There’s already been plenty of news coverage so I knew there would more during the festival. Hopscotch is an unusual enough word that I was able to use the query hopscotch location:nc at Google News and get almost all relevant results. (Remember, the location: syntax restricts results to media within a specific state. I might miss a few items, but on the other hand I’ll get really targeted results.) I picked up the RSS feed and put it in my reader.


Finding relevant blog posts was a bit tougher. I tried Technorati but a search for hopscotch got only six results total and most of them were not relevant.
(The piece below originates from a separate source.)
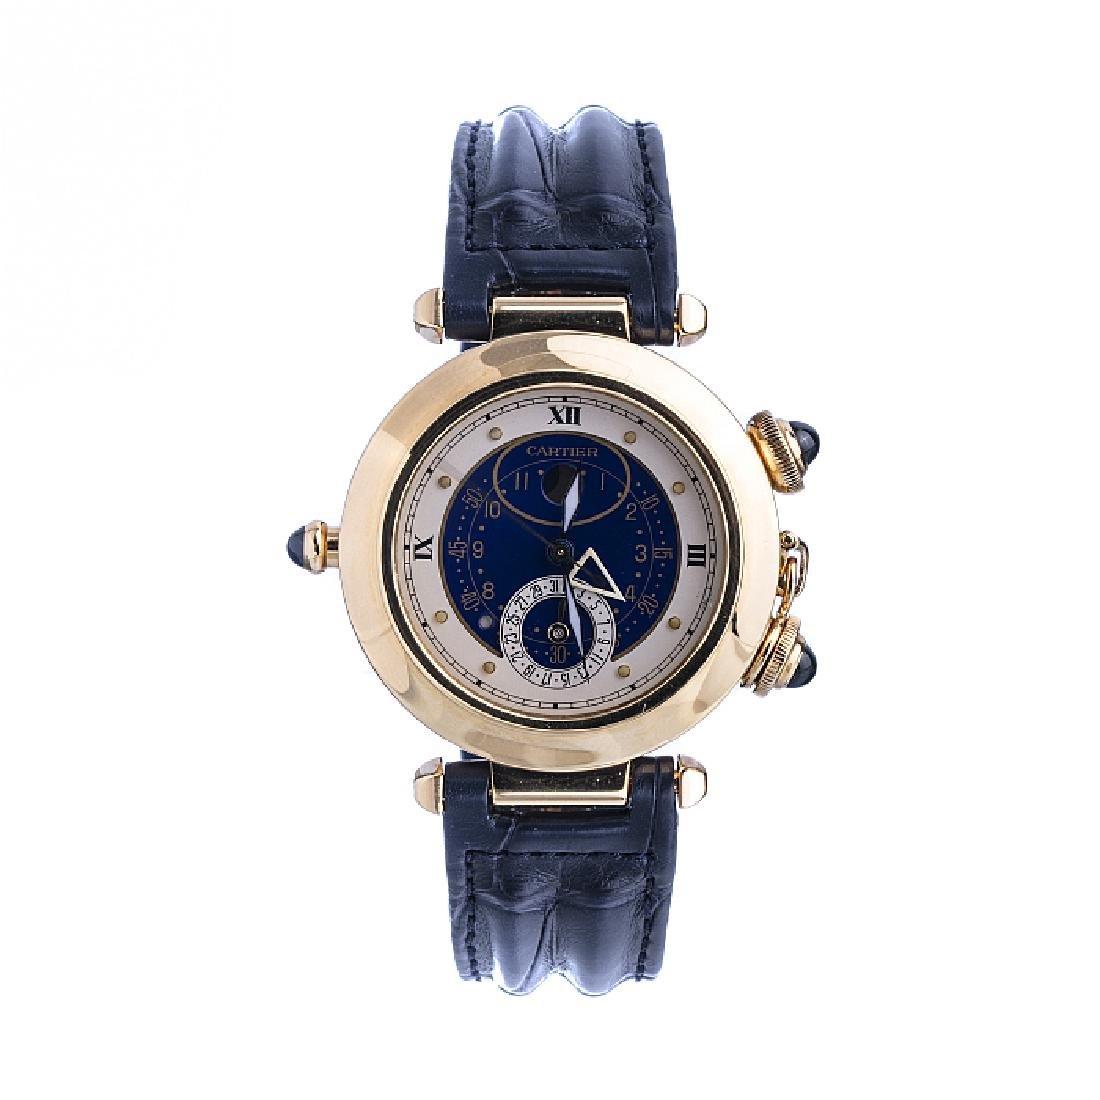 CARTIER - Pasha watch

Searching Google Blogs for hopscotch found a lot more content and a little spam; still, the results were clean enough that the result feed went in my reader.

I couldn’t find a search interface for Bloglines, and Blogdigger had no results at all. Icerocket had plenty of results but there was a serious relevance problem. Narrowing down my search to “Hopscotch Music (I didn’t want to add another word as I wasn’t sure if people would refer to it as “Fest” or “Festival”) brought me a good set of results, and I added that RSS feed to my reader.


Hopscotch has tags devoted to it and of course you can do some geographic searching with Twitter. But despite the fact that I can do some narrowing of my Twitter search, I did not want to trap for just the hashtag #hopscotch. If I did that, I would be flooded with a lot of less-useful content, like tweets for people who arrive at venues, or leave, or so forth. So I decided to trap for multimedia content.

Searching for #hopscotch yfrog and #hopscotch plixi and #hopscotch twitpic will clue me in to pictures taken at the festival and quickly put online. Those queries went into my RSS feed reader after I saw they were already producing good results even though the festival started just this afternoon. (I’m writing this Thursday night.) I’m testing another query, hopscotch http -yfrog -twitpic, to pick up all the tweets with links that aren’t pictures, but at the moment those are mostly Foursquare checkins.

(These traps are only going to be active for three days, so I probably won’t abandon any of the traps before the end of the festival. But if I were building these traps to keep them for a long period of time, I’d pay careful attention to what my RSS feeds were producing and quickly dump any that were providing spammy or useless results. I only have so much time to review what I’m picking up.)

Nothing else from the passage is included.